When I say changemaker, I don’t mean that you single-handedly change the world, but that you are powerful in your community, and perhaps beyond. You are powerful with your members of Congress. You are powerful with the local media. You are powerful with other community leaders—in fact, you’ve become a community leader yourself.

You still might be thinking, “Who, me?” Consider Alex Steffen’s full statement:

Optimism is a political act. Those who benefit from the status quo are perfectly happy with a large population of people who think nothing is going to get any better. In fact, these days, cynicism is obedience. What’s really radical is being willing to look right at the magnitude and difficulty of the problems we face and still insist that we can solve those problems.

Isn’t that what these groups are doing? They’re looking right at the magnitude and difficulty of the problems we face—problems like disease and poverty, racism and inequality, pollution and climate change—and insisting that we can solve those problems. They might not be solved yet, but a 66 percent reduction in global child deaths is a powerful start.

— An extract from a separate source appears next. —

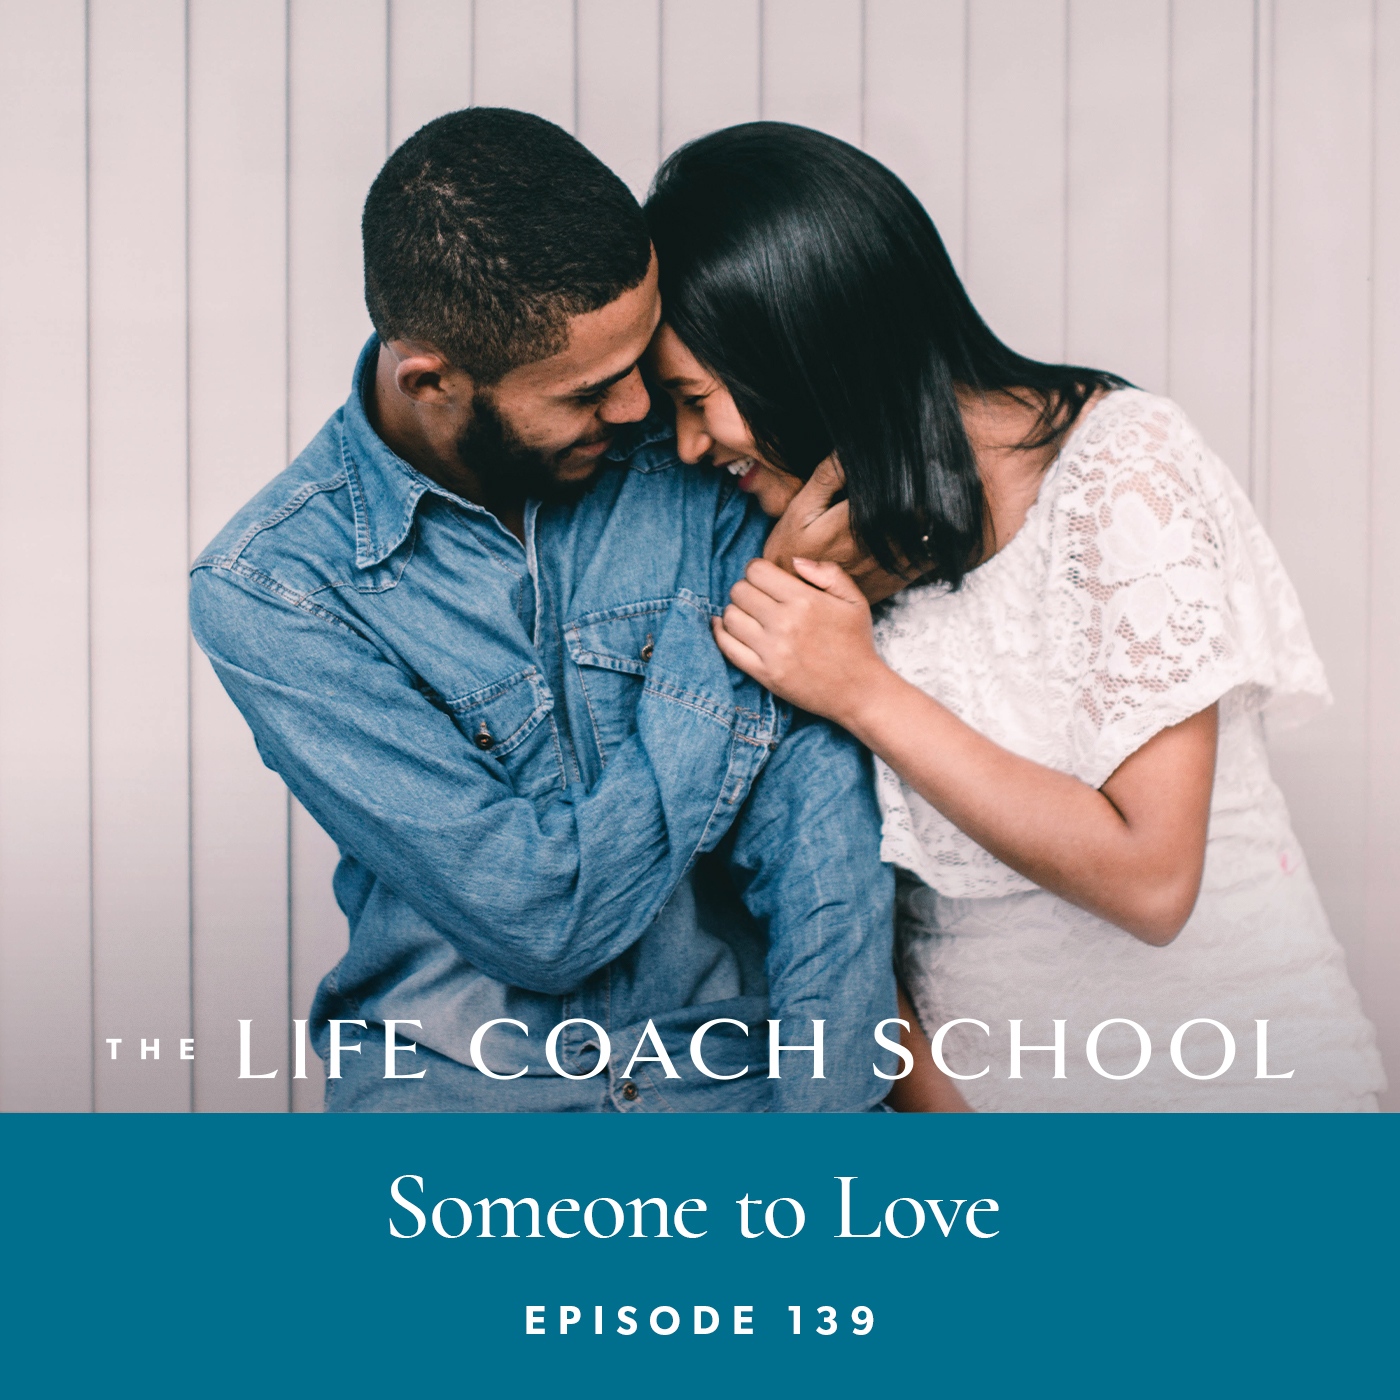 The Life Coach School Podcast with Brooke Castillo | Episode 139 | Someone to Love

What is common to these stories—the 40 years of RESULTS’ advocacy contributing powerfully to a nearly 66 percent reduction in global child deaths, Mike Robinson’s first-ever meetings with elected officials leading to a briefing of a committee chair and his staff, and CCL’s yearly tally of 1,350 meetings with Congressional offices and 4,100 media hits—is that they all reflect the work of organizations that are committed to transformational advocacy. They came from organizations that are willing to make big asks of their volunteers and deliver something powerful in return. They came from groups that see the stress and loneliness that can come from being activists, from being entrepreneurs of democracy, and they build and sustain chapters to reduce that stress and loneliness. They came from groups committed to training and encouraging volunteers to succeed in doing things they never thought they could do.

As a result, volunteers see themselves in a new light; they see themselves as community leaders. Look for that, and look for yourself, in the chapters that follow.